THE DATA:
---+---
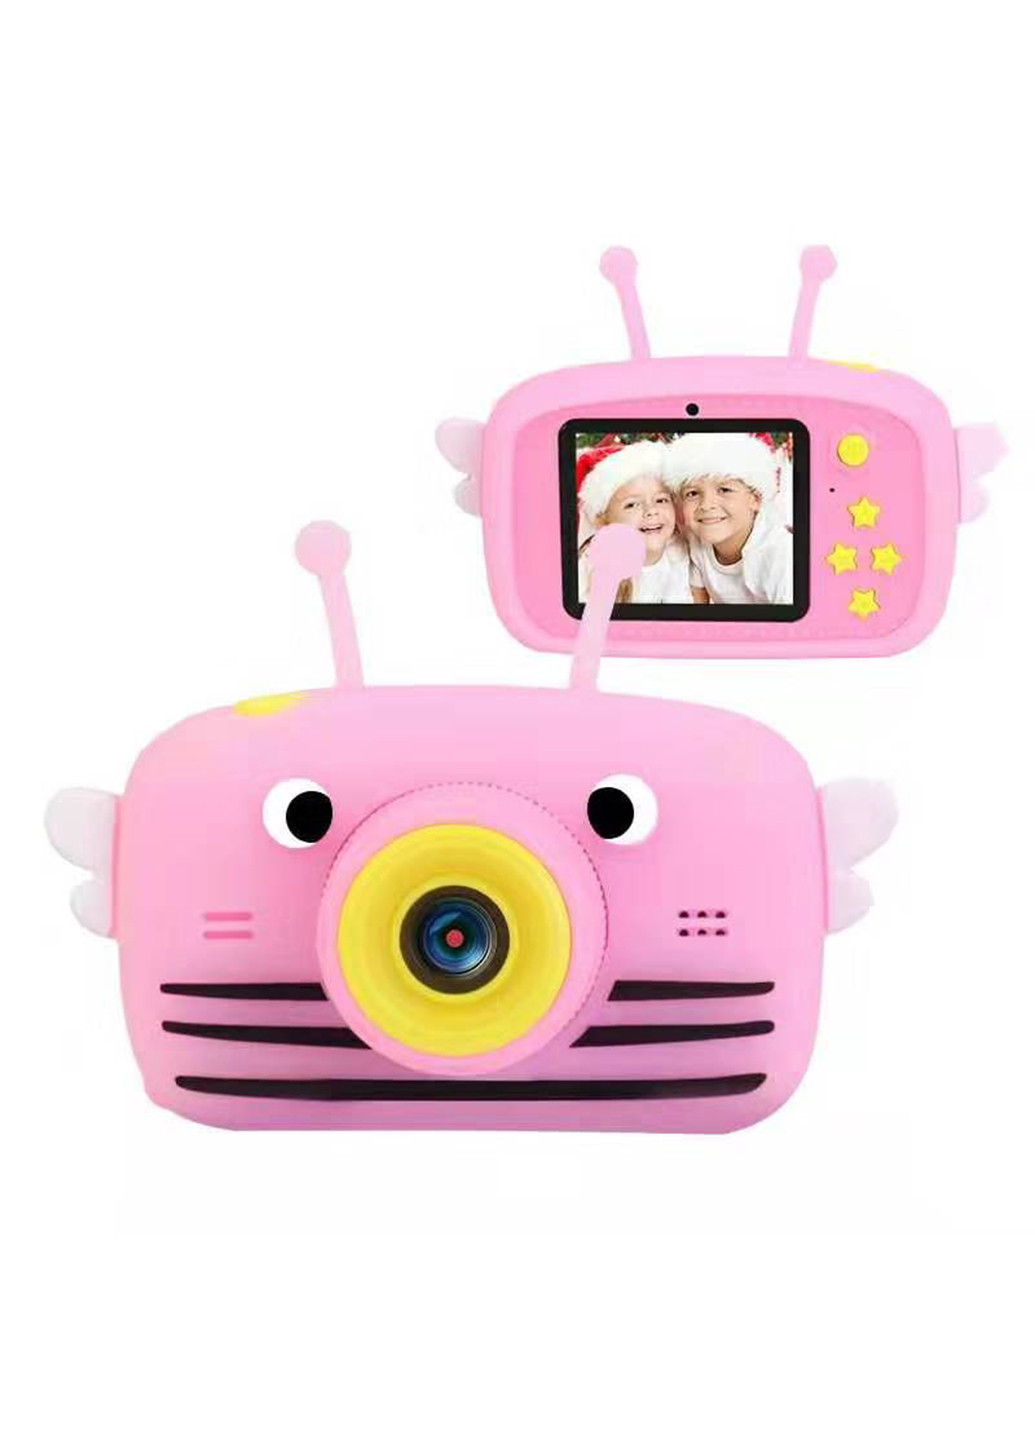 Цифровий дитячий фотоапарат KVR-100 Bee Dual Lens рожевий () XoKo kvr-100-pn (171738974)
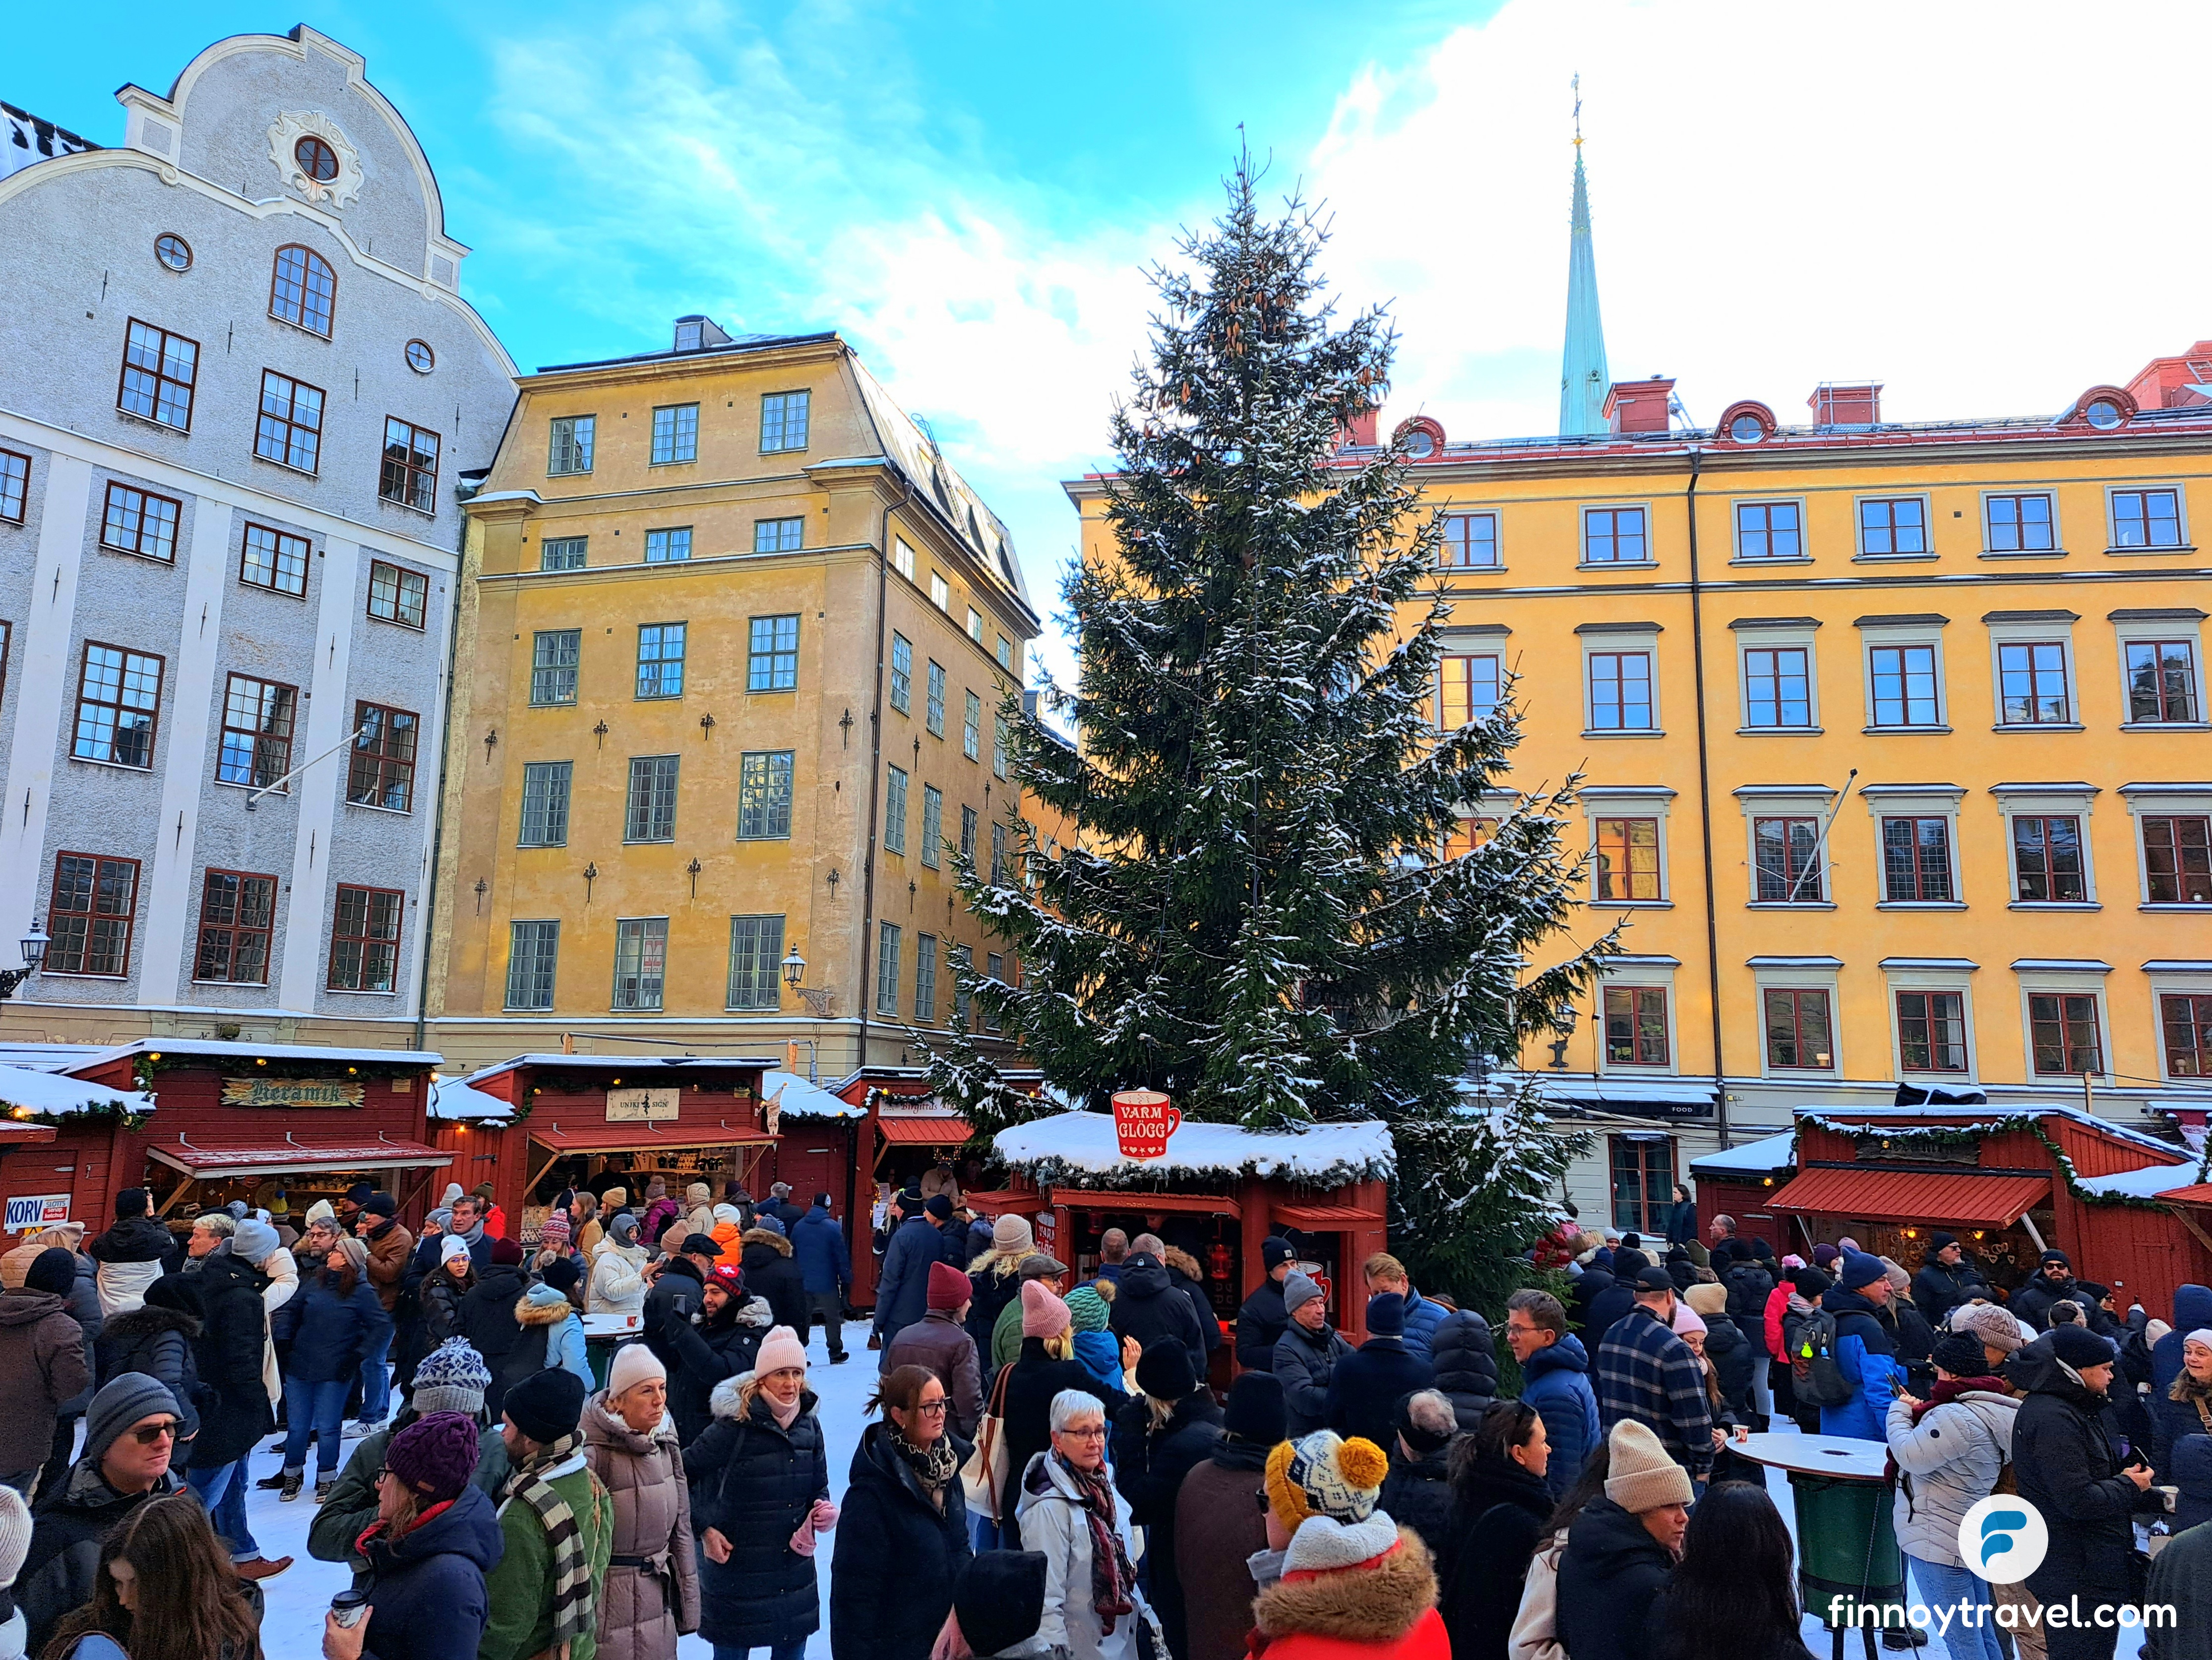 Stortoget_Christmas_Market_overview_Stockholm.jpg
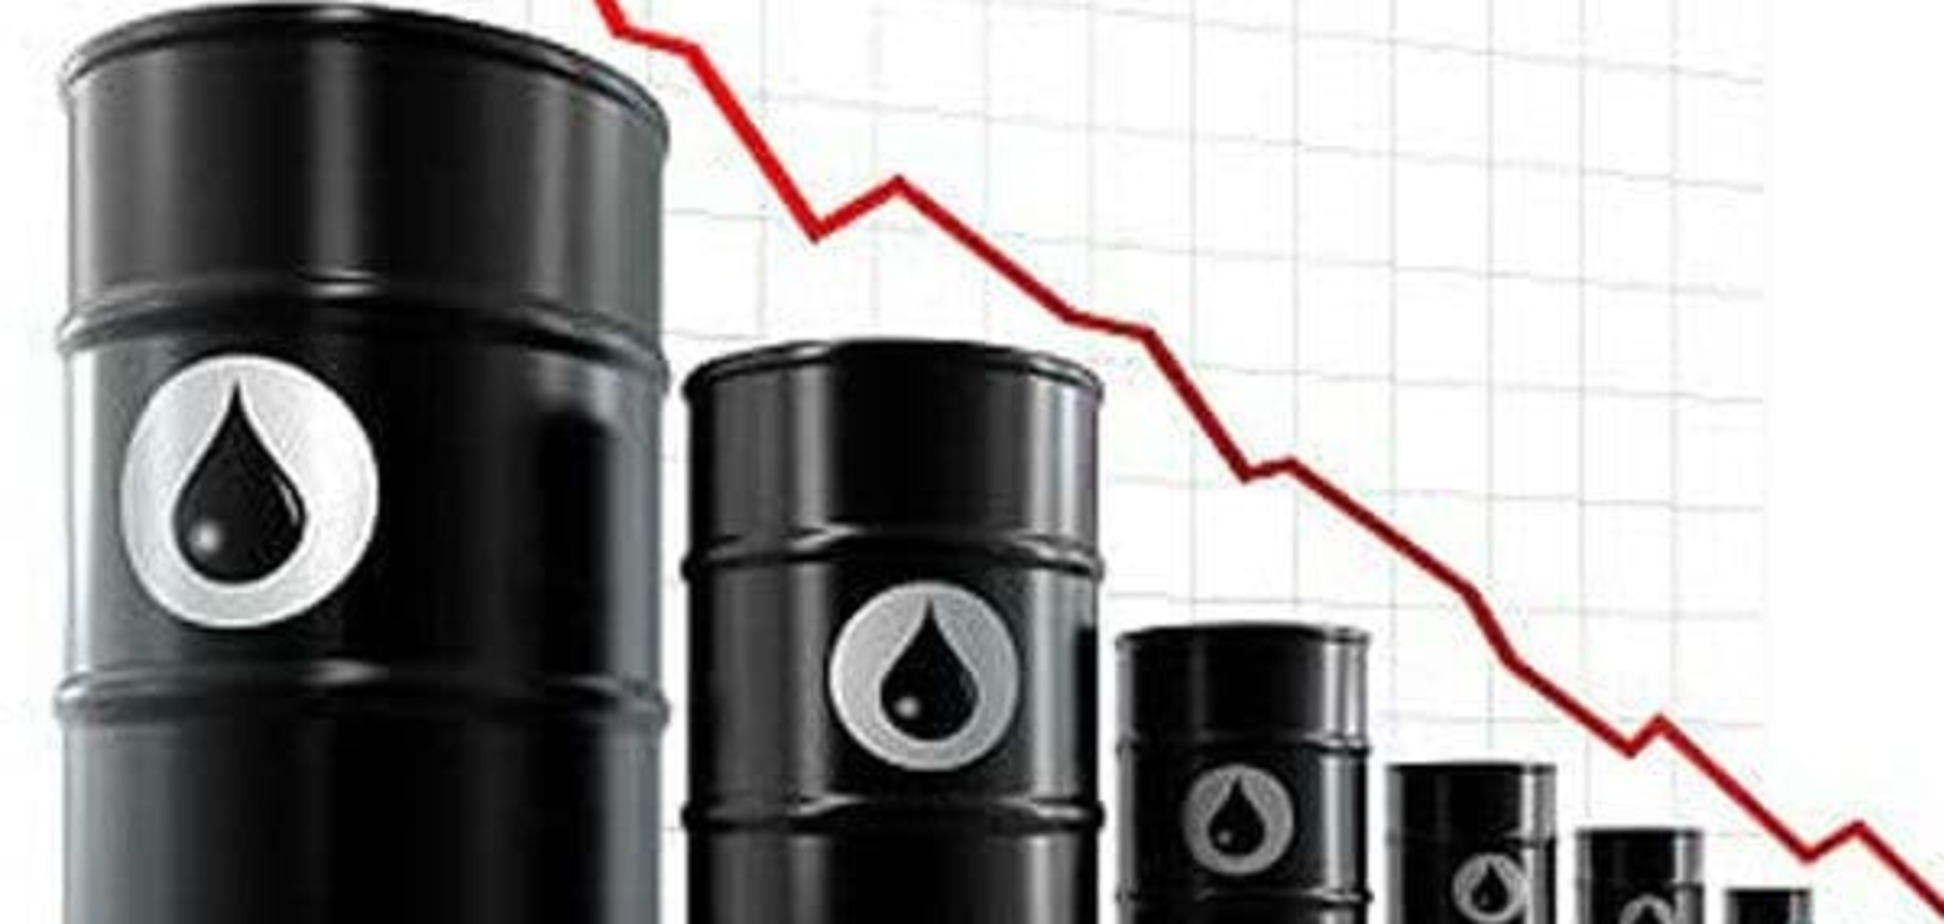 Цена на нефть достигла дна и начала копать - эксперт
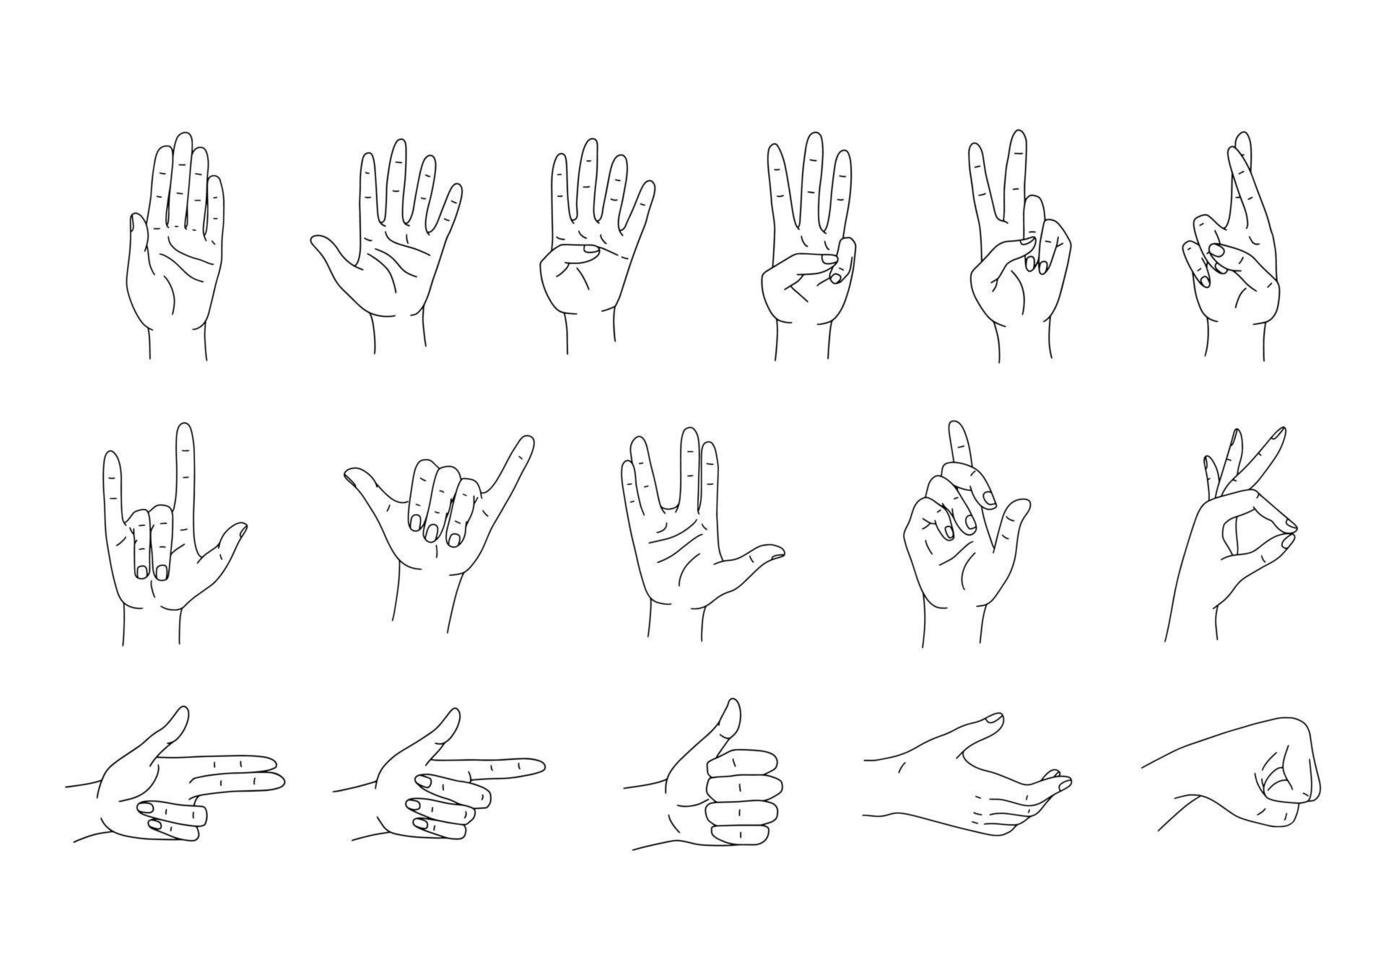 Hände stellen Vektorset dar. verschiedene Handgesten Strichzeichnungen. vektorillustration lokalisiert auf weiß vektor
---+---
THE PROBLEM: Restate word for word the lines beginning with the one that contains "Цена на нефть" and ending with the last line of the listing; pictures stay out.

EXERCISE OUTPUT:
 Цена на нефть достигла дна и начала копать - эксперт
 Hände stellen Vektorset dar. verschiedene Handgesten Strichzeichnungen. vektorillustration lokalisiert auf weiß vektor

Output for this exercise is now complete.